I did not mention this before but it was something that I noticed even in your first piece; Karma talking to herself. It only seems natural that she would talk to herself and it is even more natural that she would start keeping audio logs. Even while I feel that your implied reasoning for her to do so was a little too goody-goody that does not matter. It is perfectly reasonable that Karma is truly a good person (or ghoul) underneath all of that blood and sarcasm. It also makes sense because she spends so much time by herself and when you spend that much time alone you either end up talking to yourself or you stop talking altogether. Let's just say that Karma would not be much fun if she didn't talk.
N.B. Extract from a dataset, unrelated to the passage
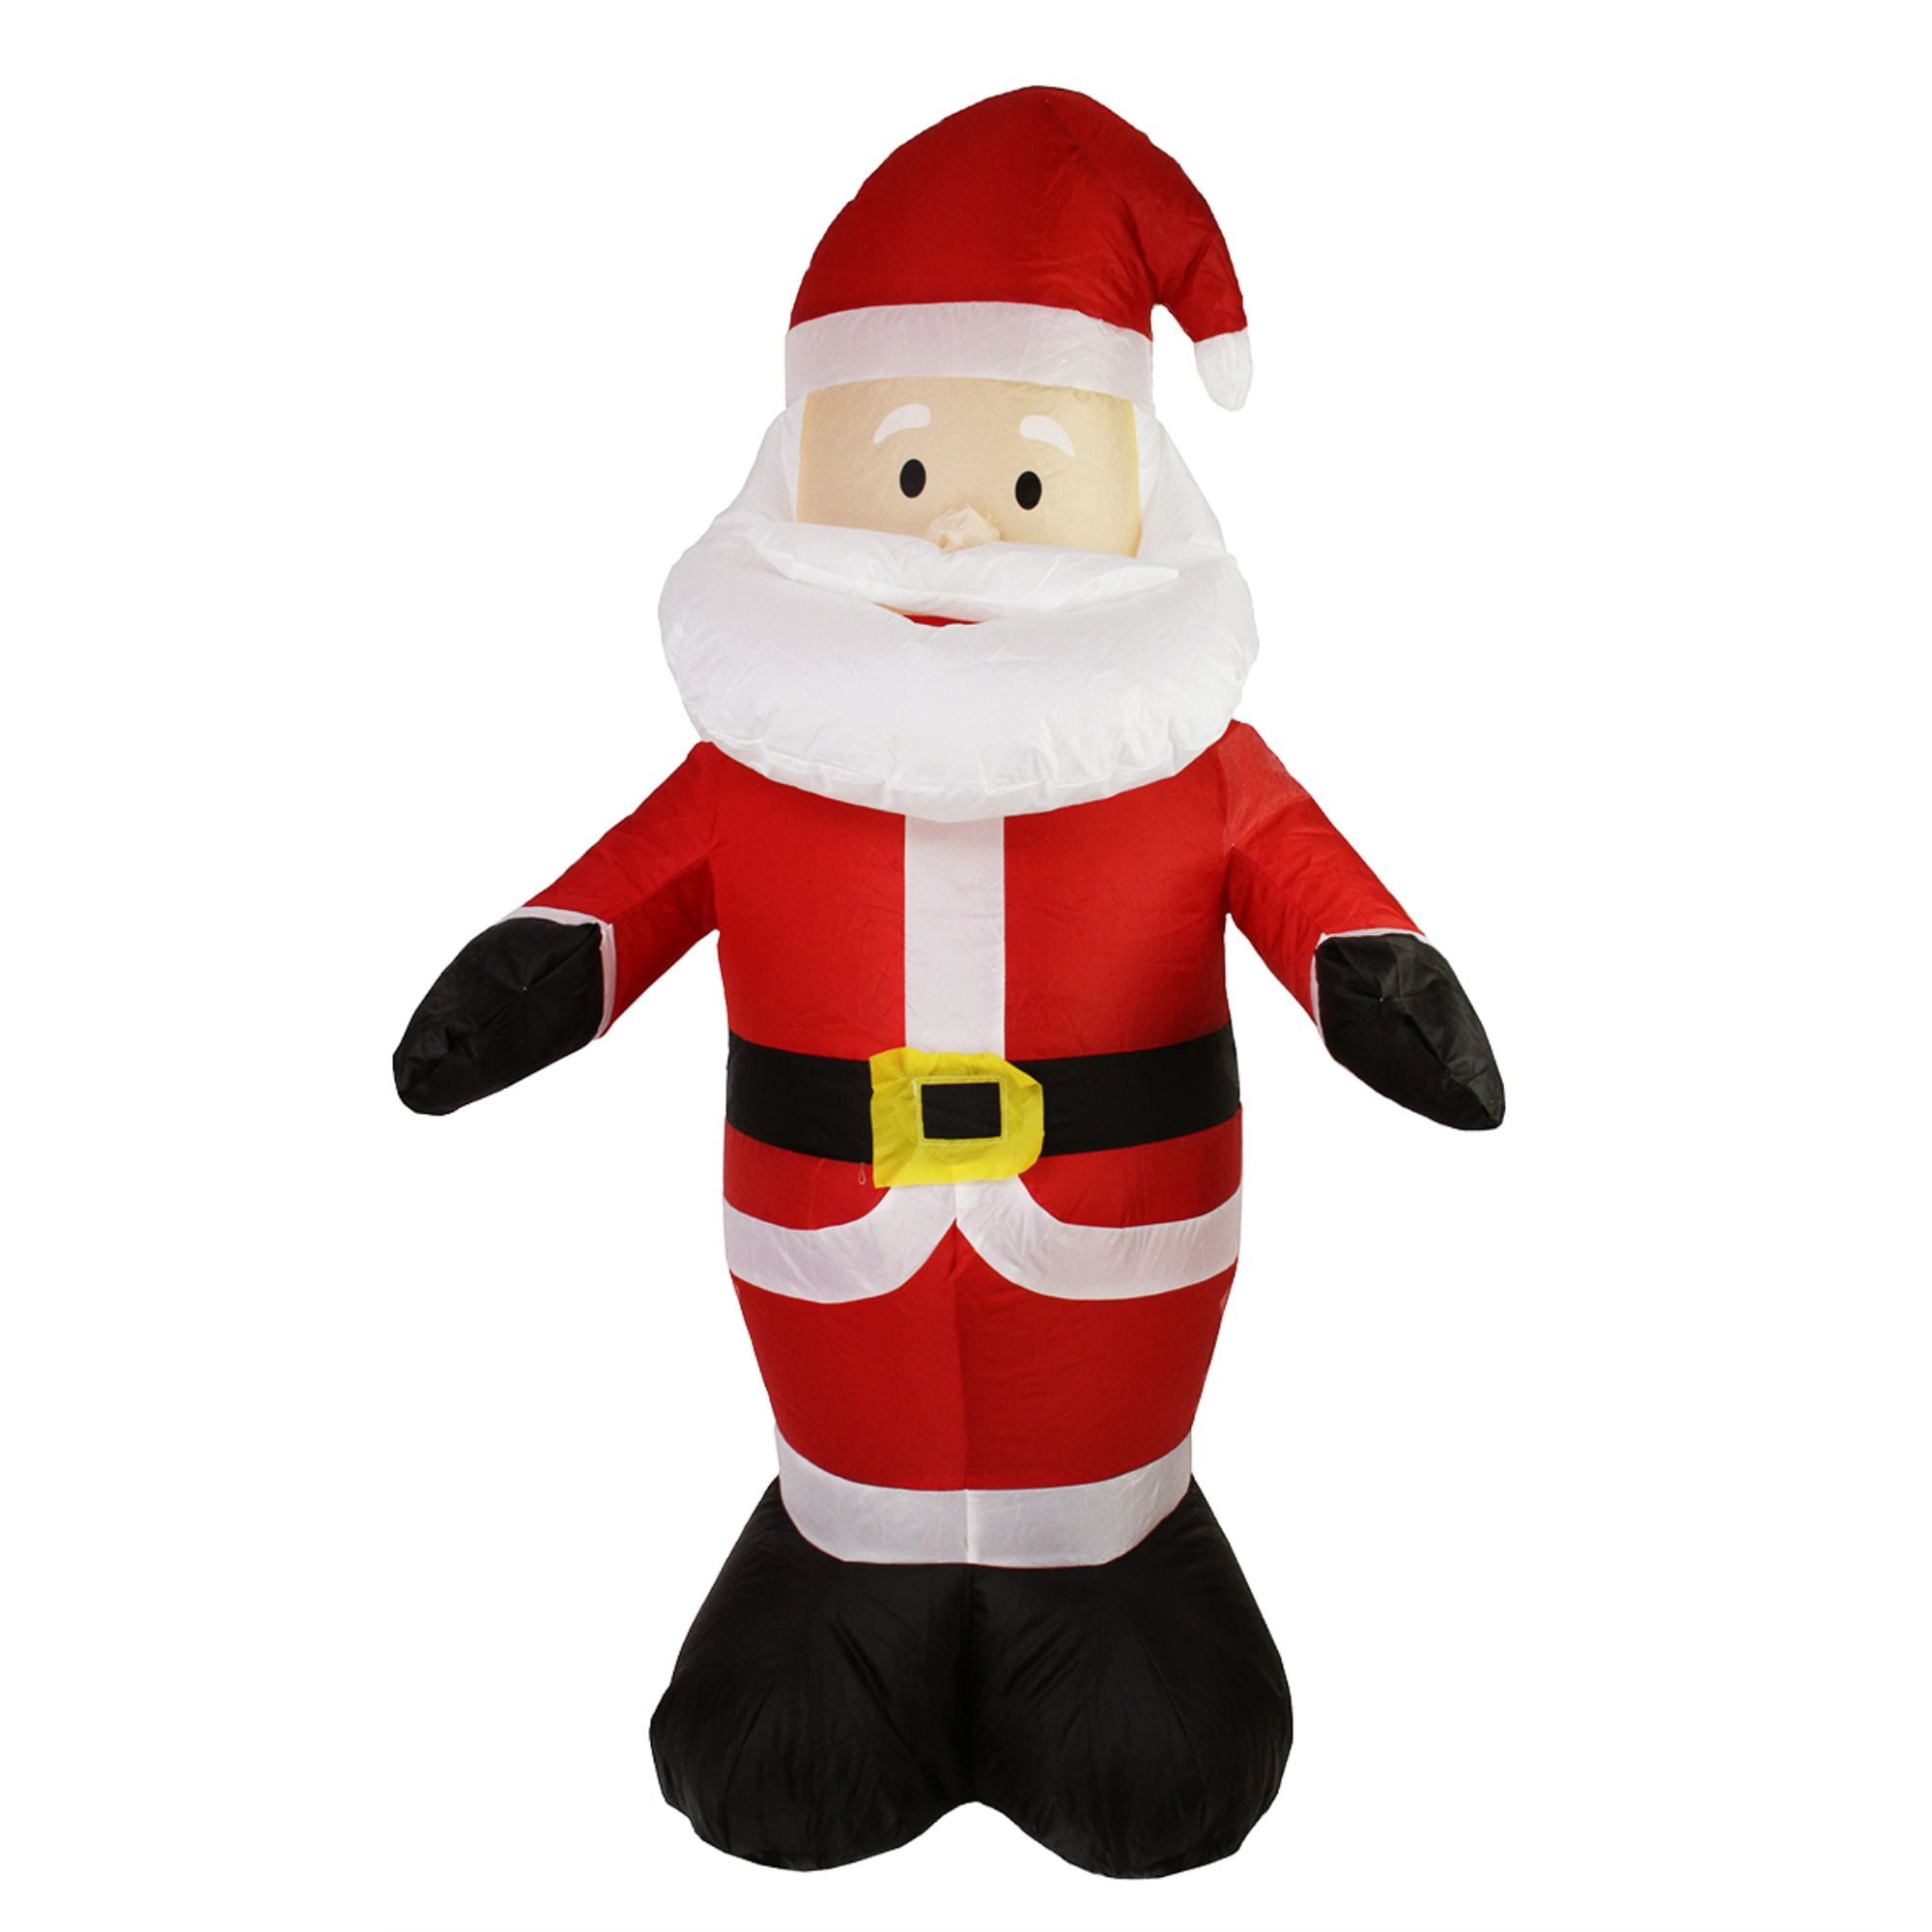 48" Red and White Inflatable Santa Claus LED Lighted Christmas Outdoor
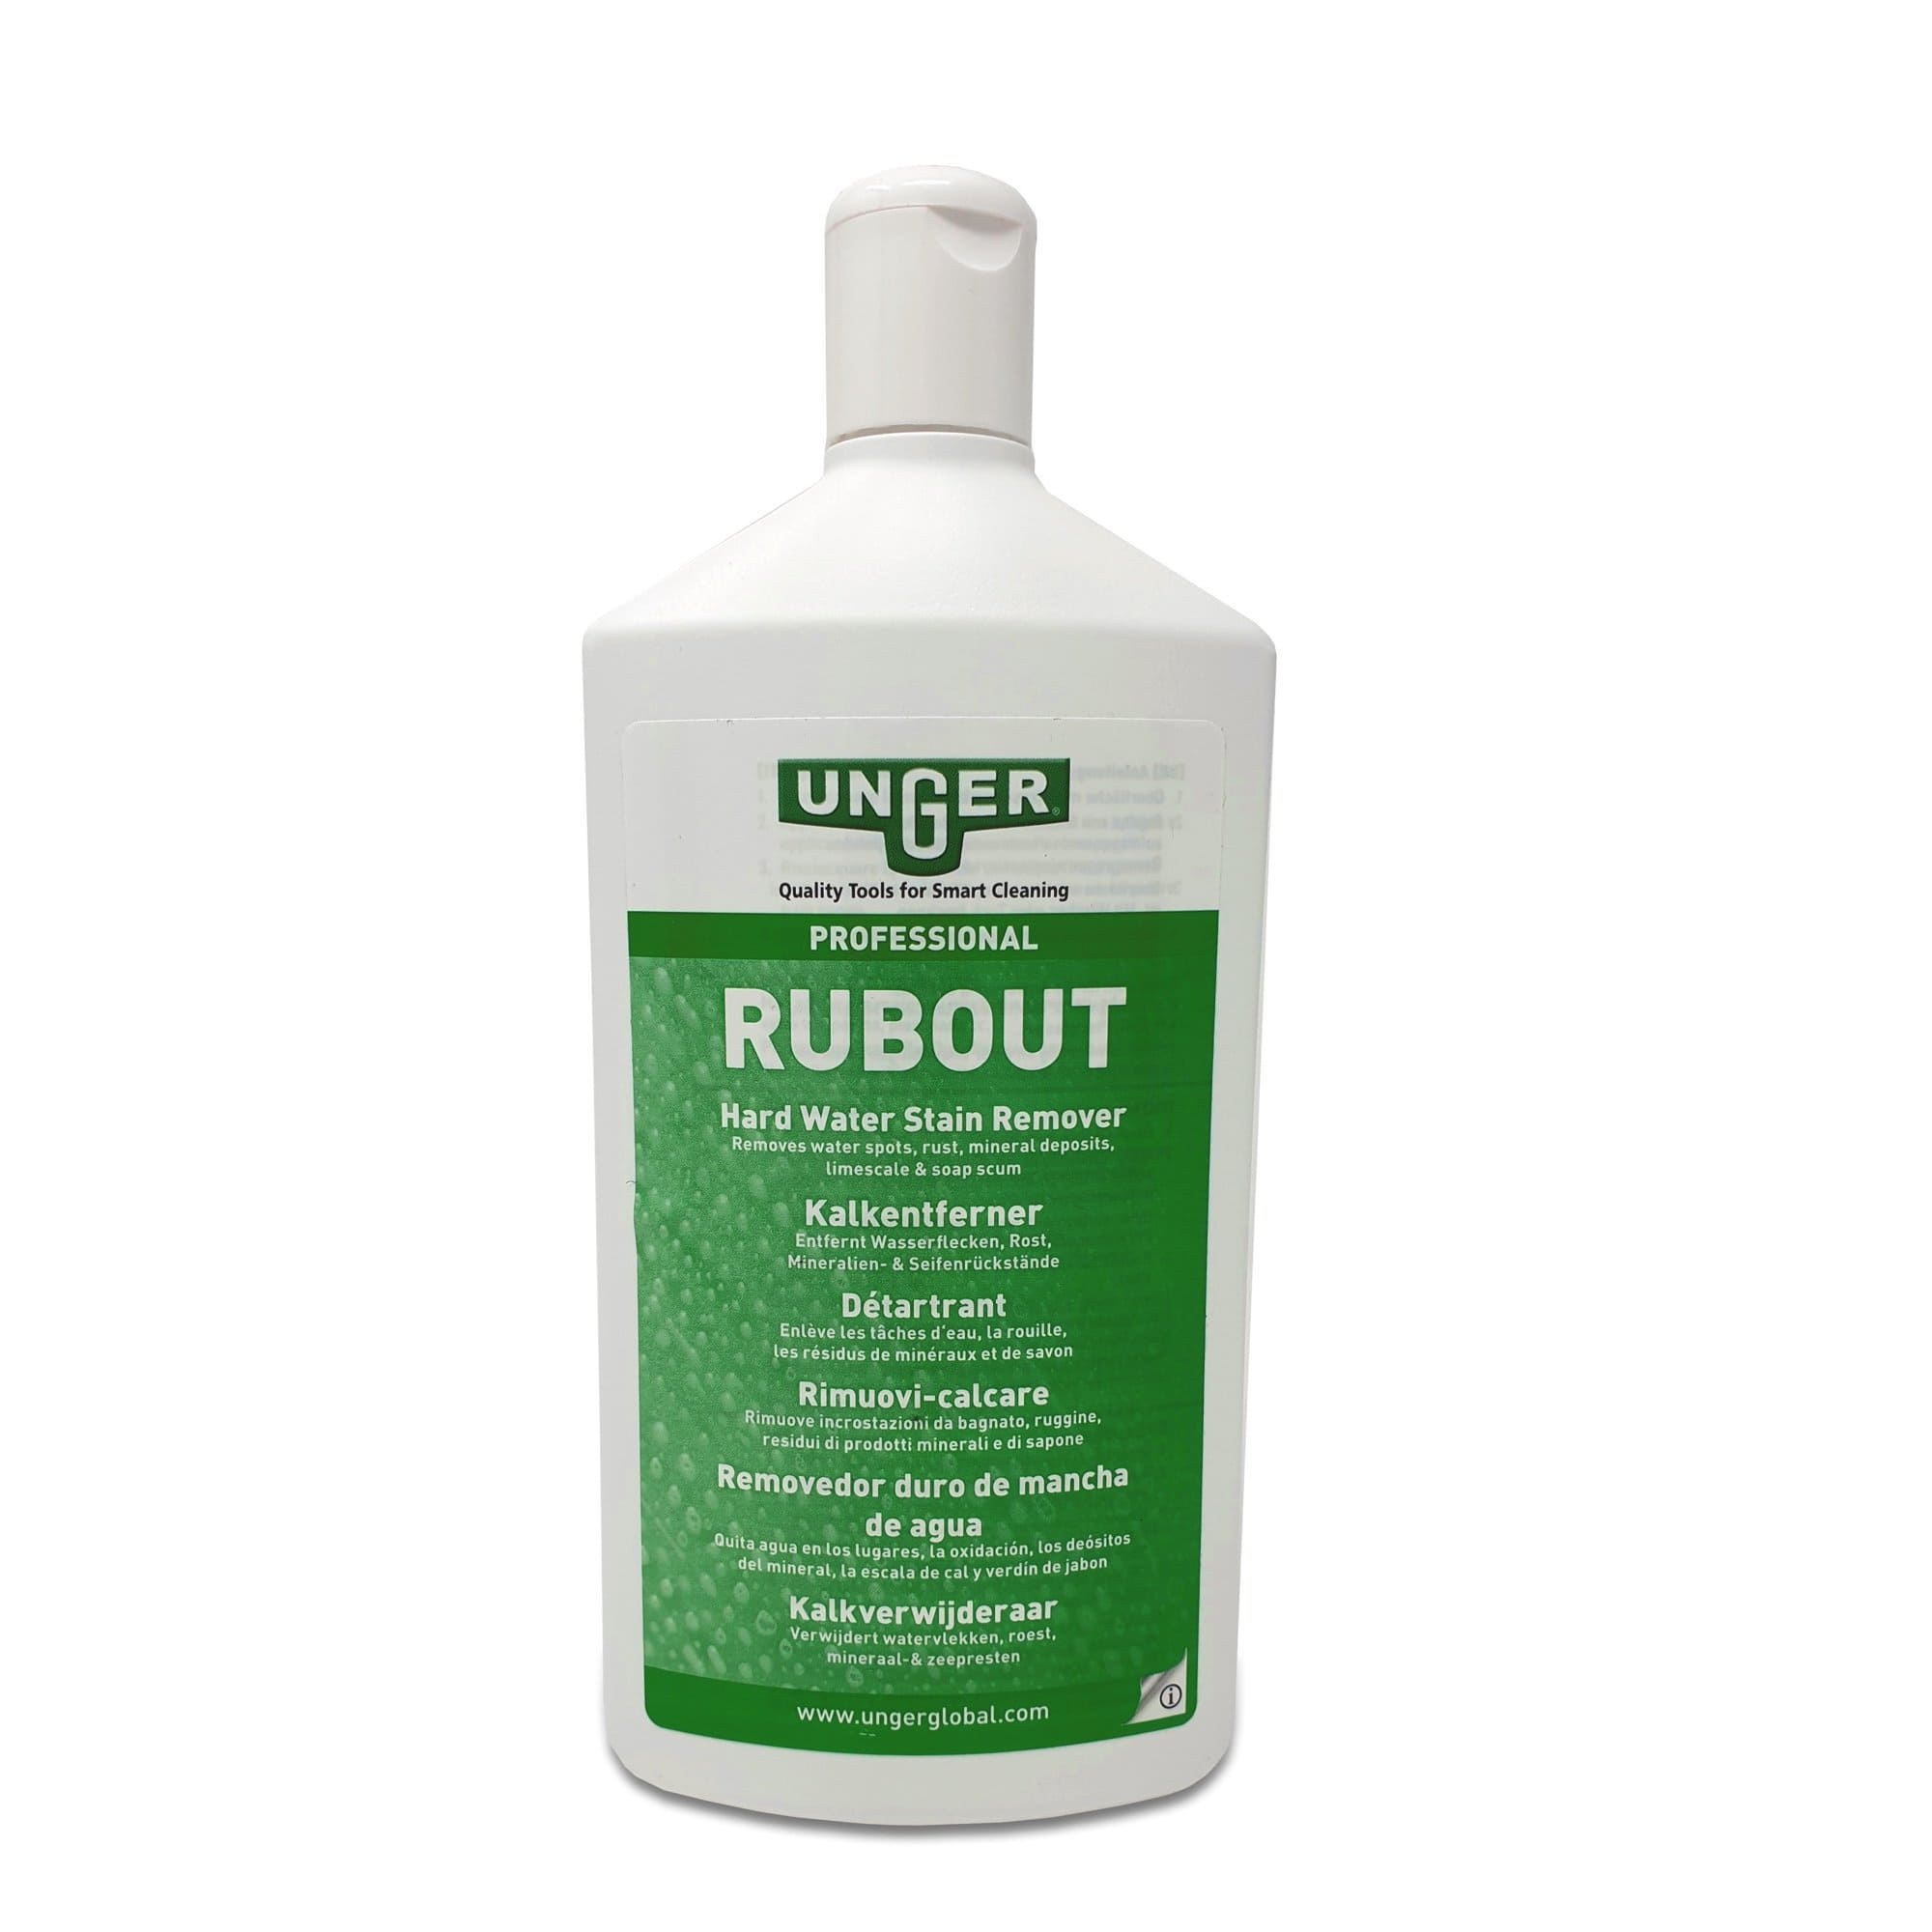 Unger RubOut Hard Water Stain Remover

Why can't she seem to stay up any more than thirty minutes past midnight? Is it just her or is that a part of who she is (or what the scientists turned her in to, actually)? More mysteries damn you! That's okay though. This one I think is a good one. It is just another reason for me to come back.

Like I said before this piece was a little short for my taste and I'd really like to see something more. Again though this is not something that can be rushed. Even the best authors can only write one word at a time. The audio log felt natural (or as natural as a ghoul named Karma can make it sound) but the narration afterwards felt sort of rush. I'm not sure if I have any tips on this I'm afraid but then again this feeling could once again come from it being so short. Just remember, you do not have to rush to a conclusion. In fact no reader in their right mind should ever want you to rush to a conclusion even though they may be eager to see it.

I did find it odd that Karma bid goodnight to everyone. That's just me though as no one knows her better than you. It is just that she still strikes me as very much a loner and still something more than (or less than) human and saying goodnight to everybody just seems so ... well, human.

Well, that's all for now. I hope to see some more!

-Mins

P.S. The limerick at the beginning was a charming addition.